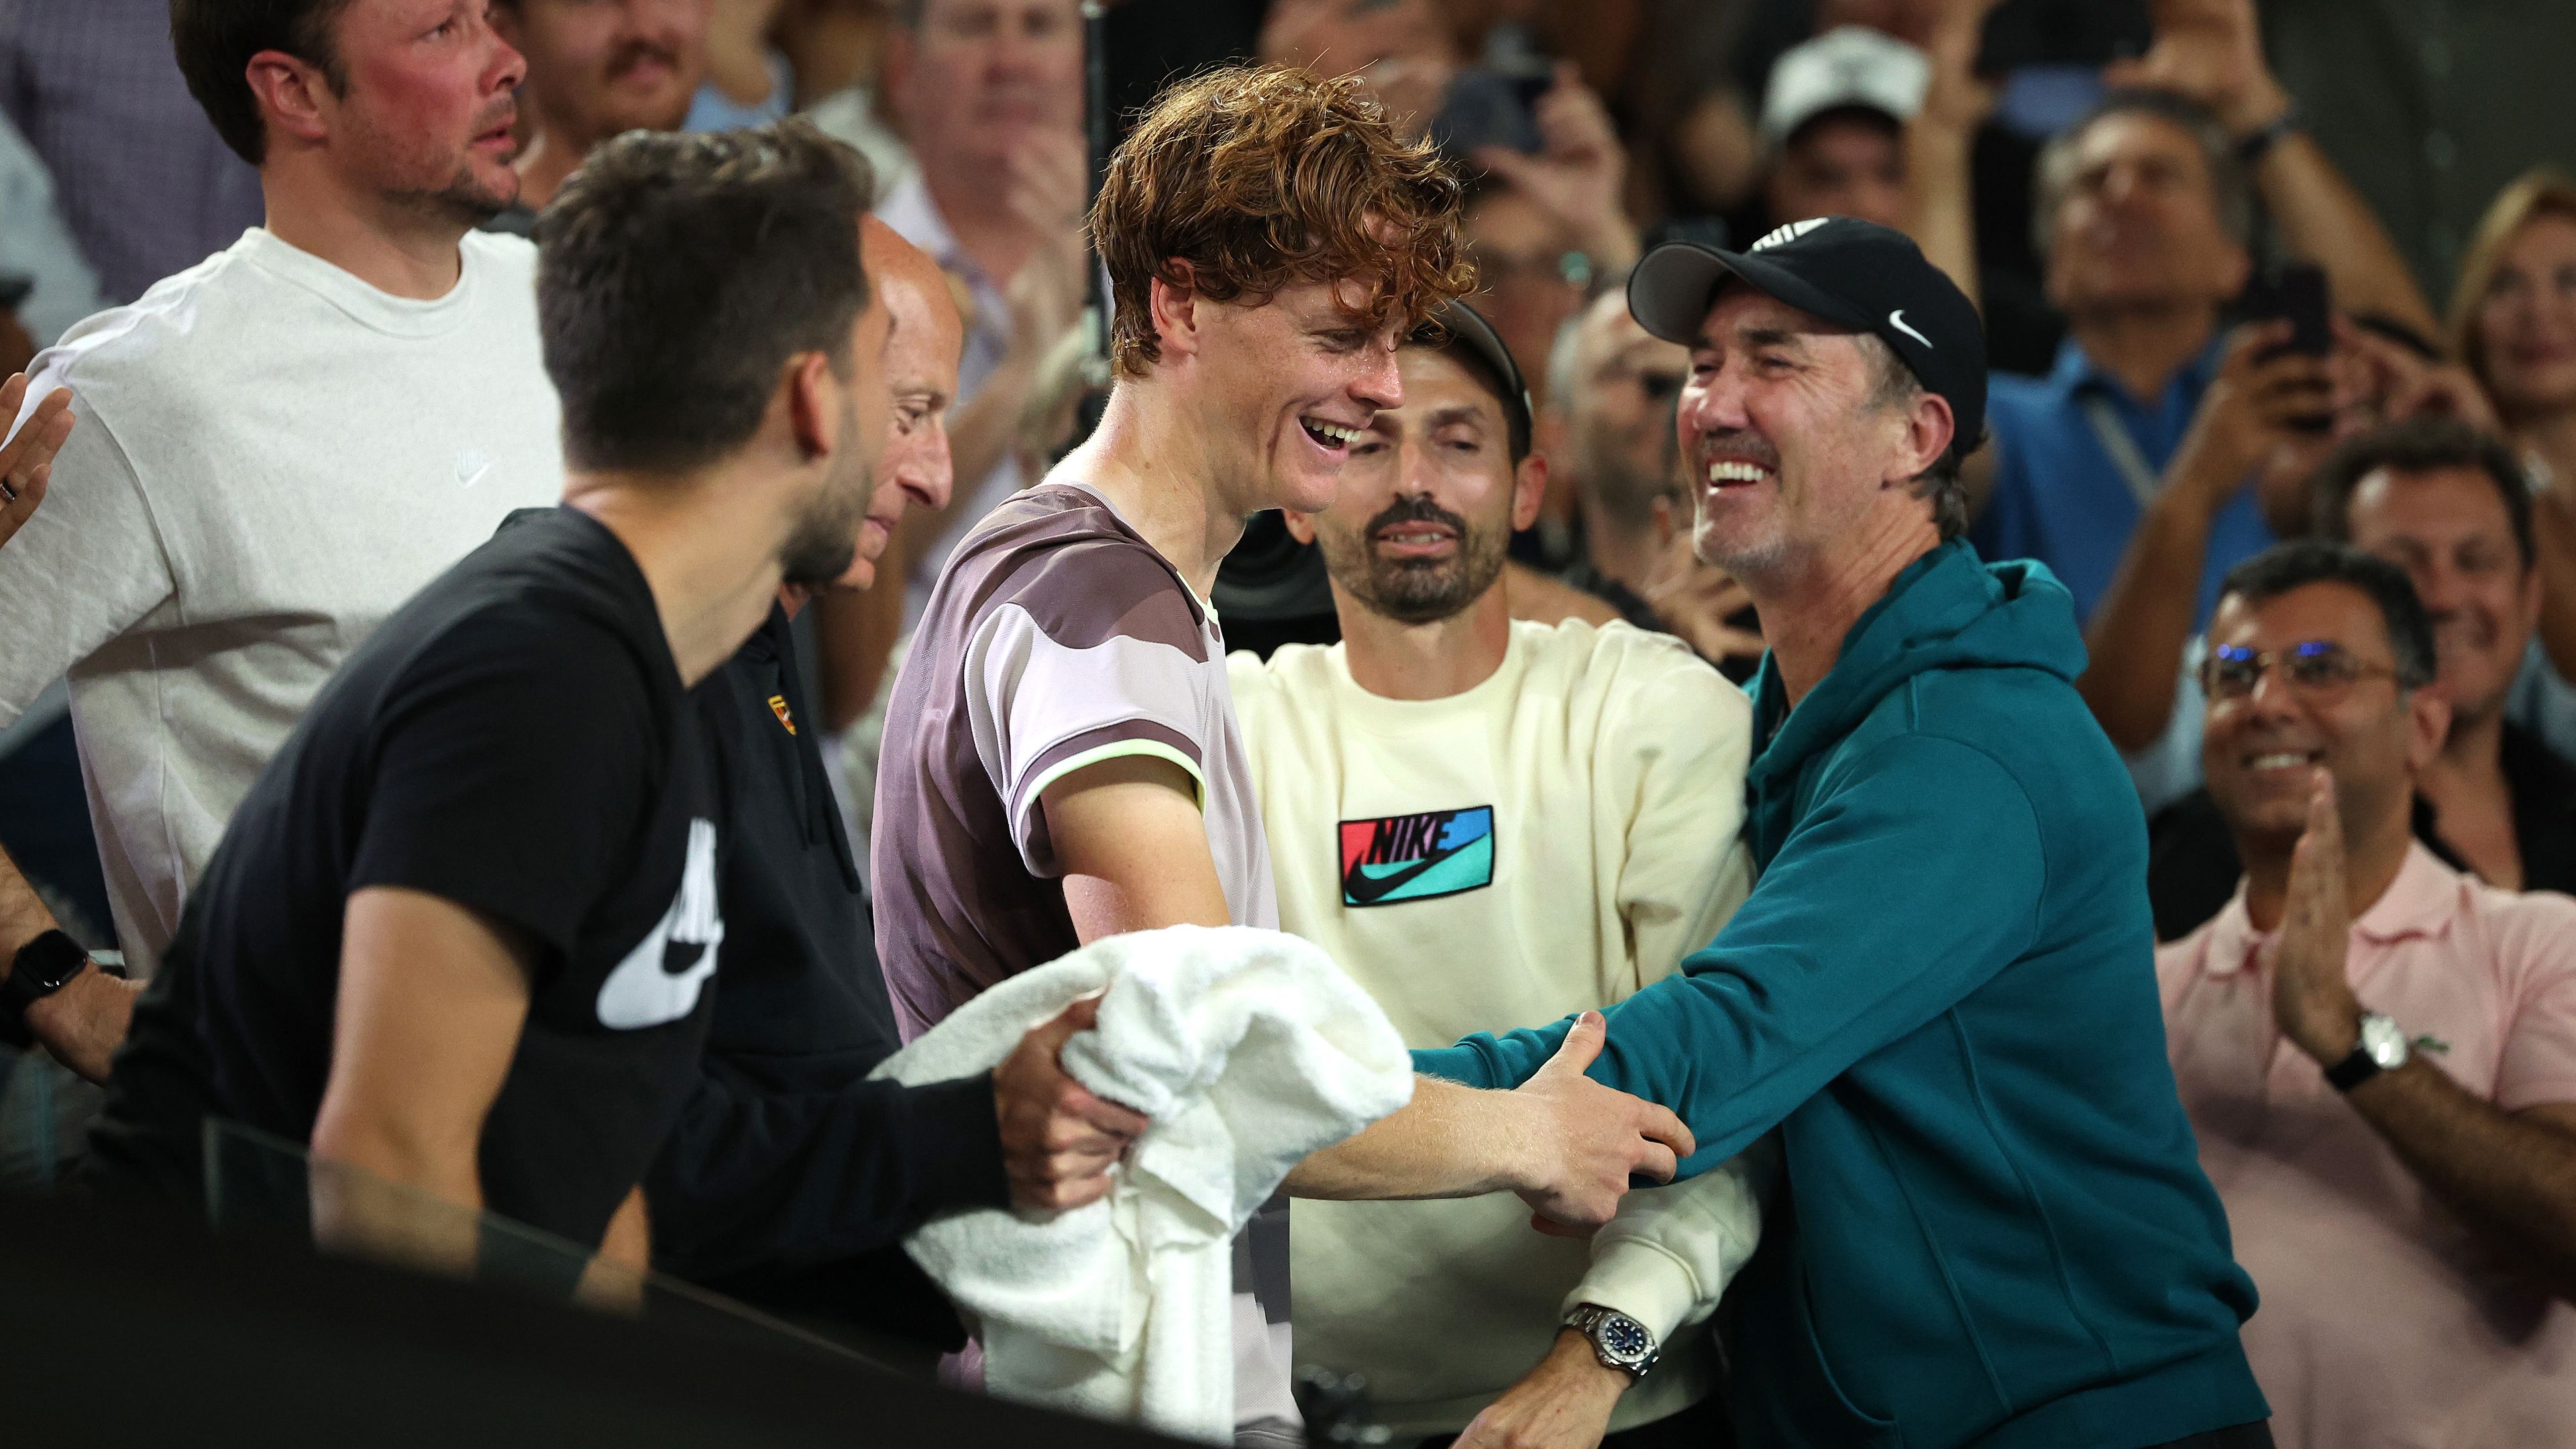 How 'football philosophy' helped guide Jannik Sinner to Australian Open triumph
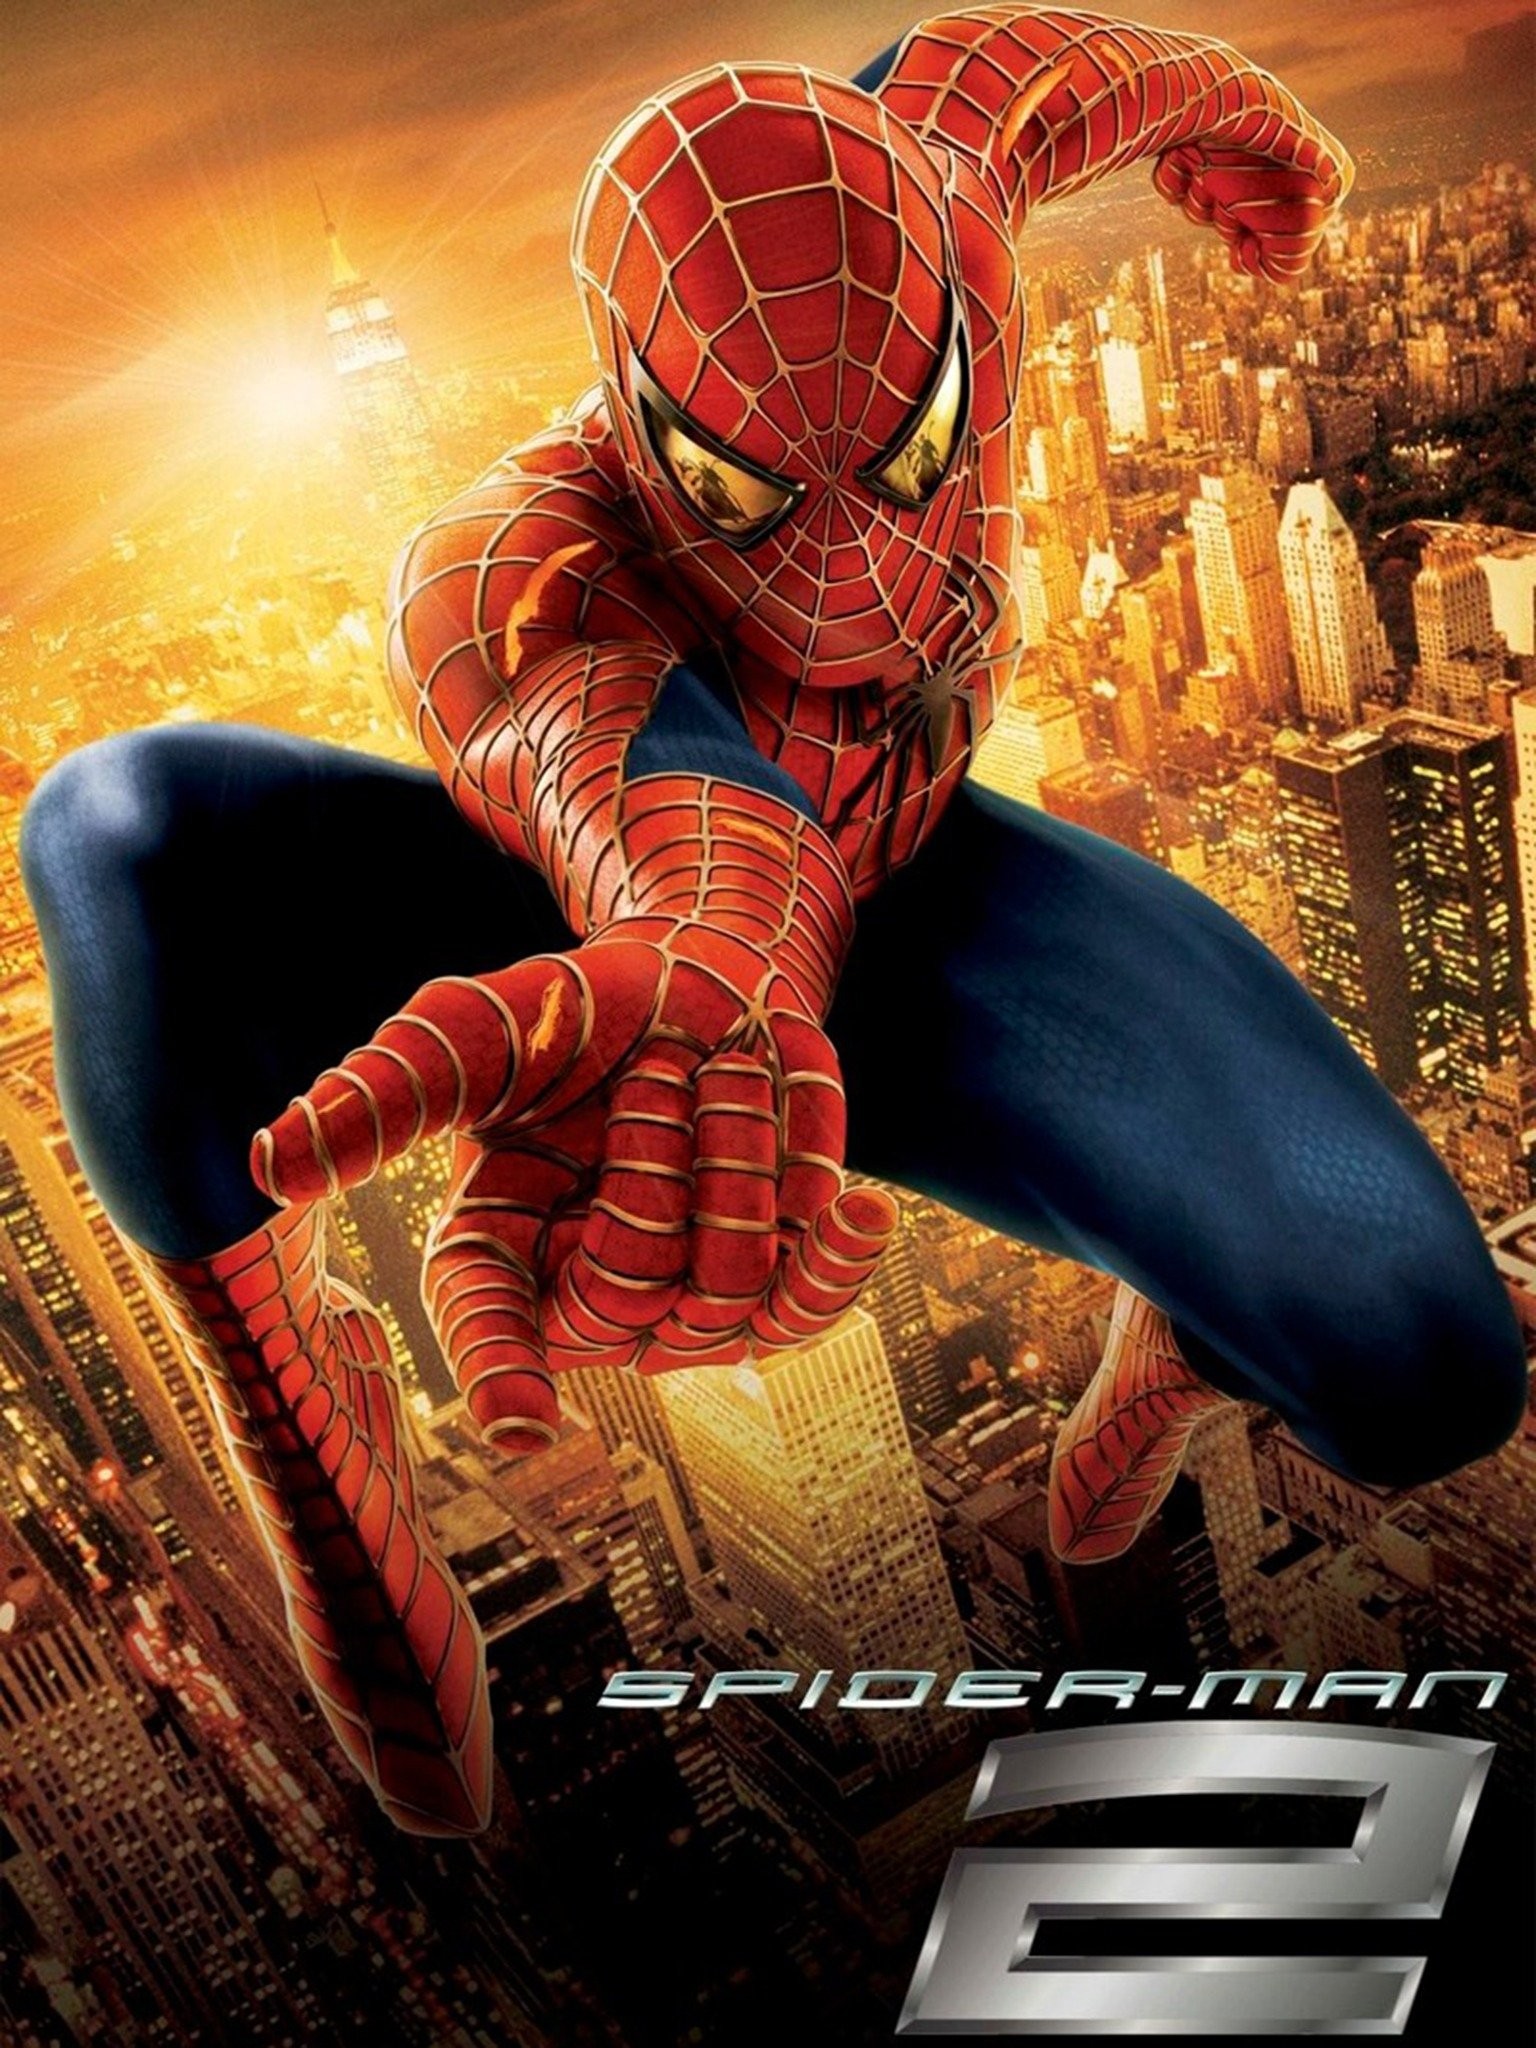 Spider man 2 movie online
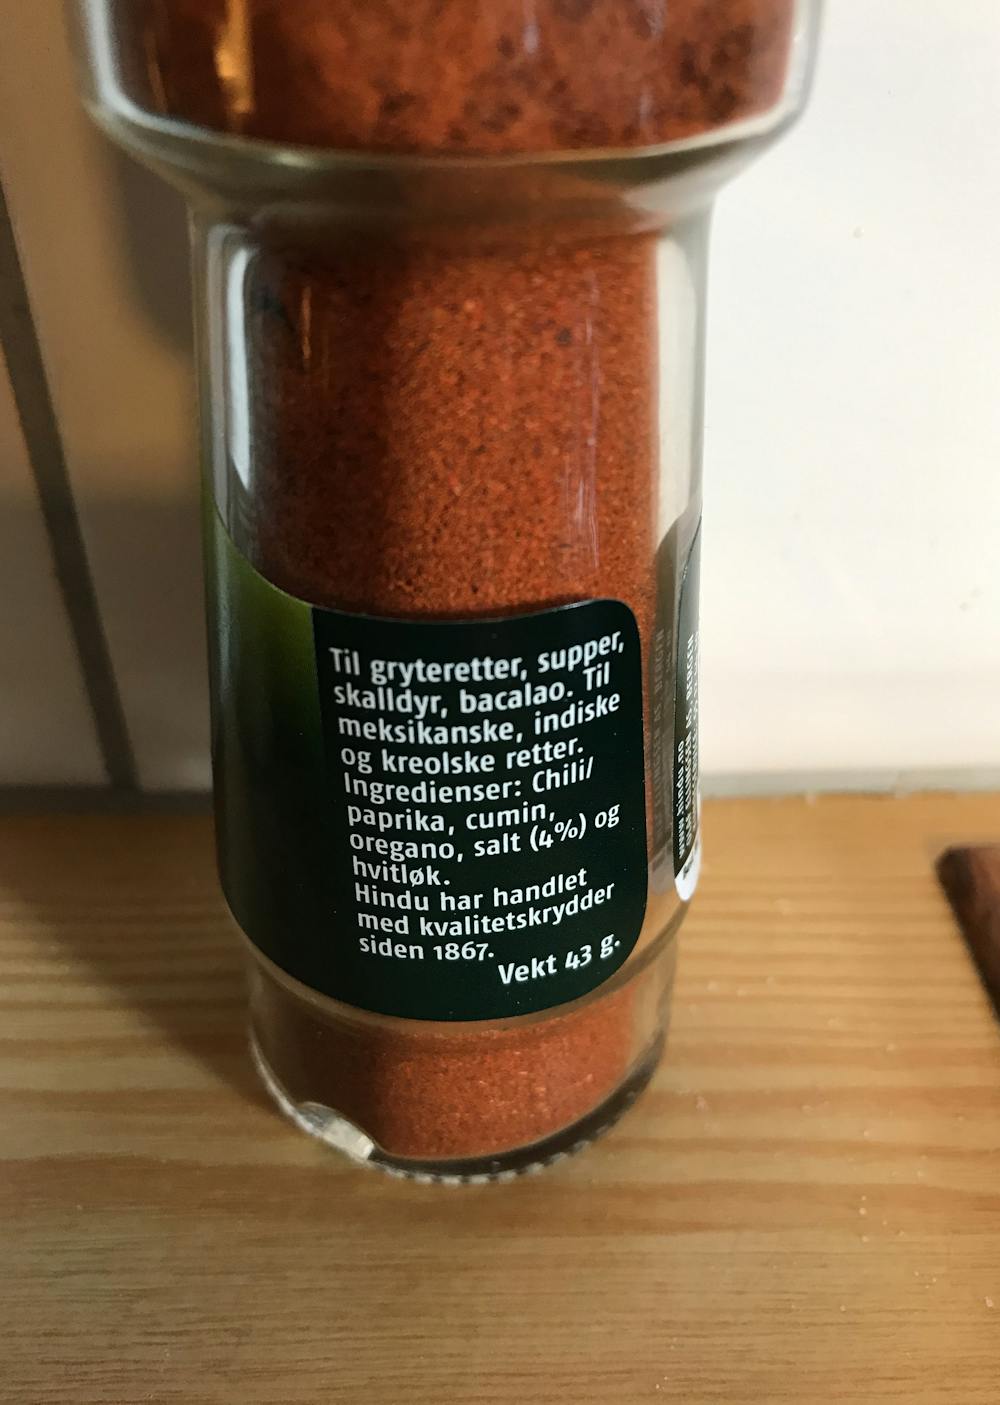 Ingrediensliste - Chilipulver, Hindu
========================
**PROBLEM REQUIREMENTS**
Copy the listing above word for word. Do not include the pictures.

**OUTPUT OF THE EXERCISE**
 How 'football philosophy' helped guide Jannik Sinner to Australian Open triumph
 Spider man 2 movie online
 Ingrediensliste - Chilipulver, Hindu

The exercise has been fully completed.